Below you will find 2 logs I extract from Proxmox using Rsyslog
https://pastebin.com/dHair40M
https://pastebin.com/m2KatVHG

Sorry if my English is bad :)
Thanks to you !

Here is my config:
root@proxmox:~# pveversion --verbose
proxmox-ve: 8.0.2 (running kernel: 6.2.16-18-pve)

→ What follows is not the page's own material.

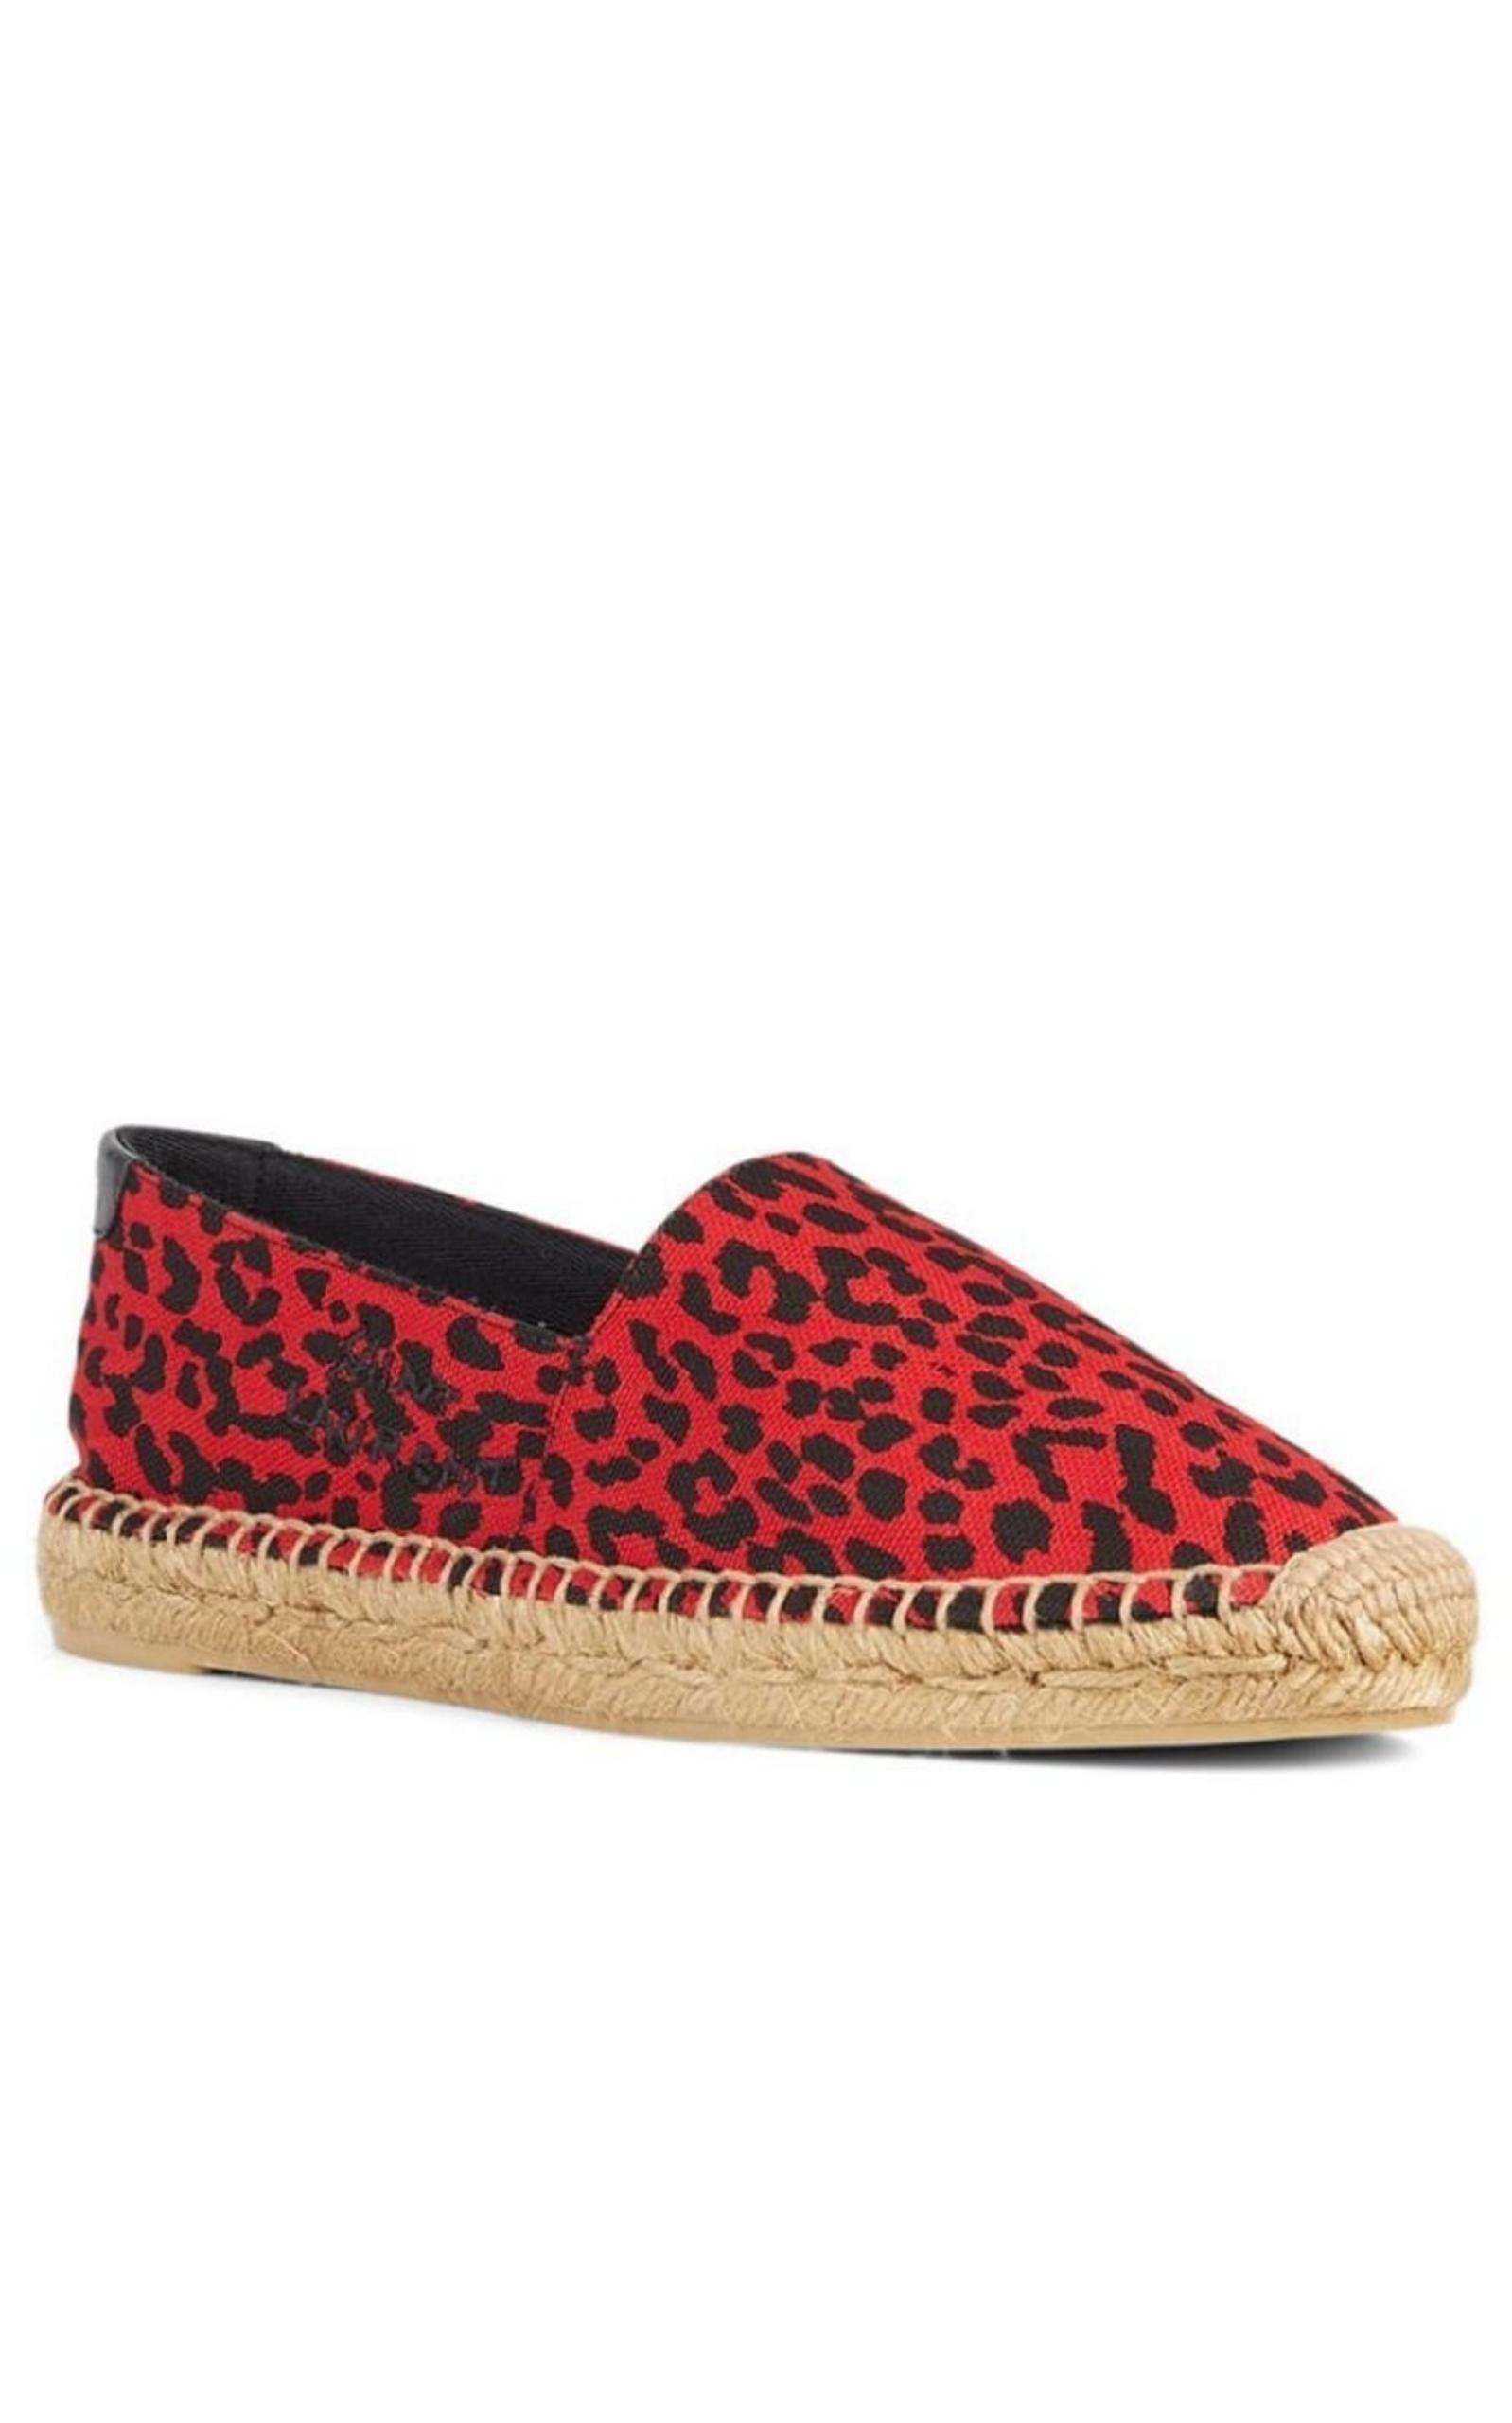 Saint Laurent Leopard-printed espadrilles, Women's Shoes

pve-manager: 8.0.4 (running version: 8.0.4/d258a813cfa6b390)
pve-kernel-6.2: 8.0.5
proxmox-kernel-helper: 8.0.3
proxmox-kernel-6.2.16-18-pve: 6.2.16-18
proxmox-kernel-6.2: 6.2.16-18
proxmox-kernel-6.2.16-15-pve: 6.2.16-15
pve-kernel-6.2.16-3-pve: 6.2.16-3
ceph-fuse: 17.2.6-pve1+3
corosync: 3.1.7-pve3
criu: 3.17.1-2
glusterfs-client: 10.3-5
ifupdown2: 3.2.0-1+pmx5
ksm-control-daemon: 1.4-1
libjs-extjs: 7.0.0-4
libknet1: 1.28-pve1
libproxmox-acme-perl: 1.4.6
libproxmox-backup-qemu0: 1.4.0
libproxmox-rs-perl: 0.3.1
libpve-access-control: 8.0.5
libpve-apiclient-perl: 3.3.1
libpve-common-perl: 8.0.9
libpve-guest-common-perl: 5.0.5
libpve-http-server-perl: 5.0.4
libpve-rs-perl: 0.8.5
libpve-storage-perl: 8.0.2
libspice-server1: 0.15.1-1
lvm2: 2.03.16-2
lxc-pve: 5.0.2-4
lxcfs: 5.0.3-pve3
novnc-pve: 1.4.0-2
proxmox-backup-client: 3.0.4-1
proxmox-backup-file-restore: 3.0.4-1
proxmox-kernel-helper: 8.0.3
proxmox-mail-forward: 0.2.0
proxmox-mini-journalreader: 1.4.0
proxmox-widget-toolkit: 4.0.9
pve-cluster: 8.0.4
pve-container: 5.0.4
pve-docs: 8.0.5
pve-edk2-firmware: 3.20230228-4
pve-firewall: 5.0.3
pve-firmware: 3.8-3
pve-ha-manager: 4.0.2
pve-i18n: 3.0.7
pve-qemu-kvm: 8.0.2-7
pve-xtermjs: 4.16.0-3
qemu-server: 8.0.7
smartmontools: 7.3-pve1
spiceterm: 3.3.0
swtpm: 0.8.0+pve1
vncterm: 1.8.0
zfsutils-linux: 2.1.13-pve1
 
I'm using a docker container with Photoprism installed on it (using the awesome proxmox helper scripts), and I noticed it used some heavy resources (I put 2 CPU thread and 2go RAM). When I execute a library indexation, I have my 2 CPU thread and my RAM that go likes 80% of usage ONLY for this container. The host tells me that it was approximately 50/60% CPU and 60/70% of RAM.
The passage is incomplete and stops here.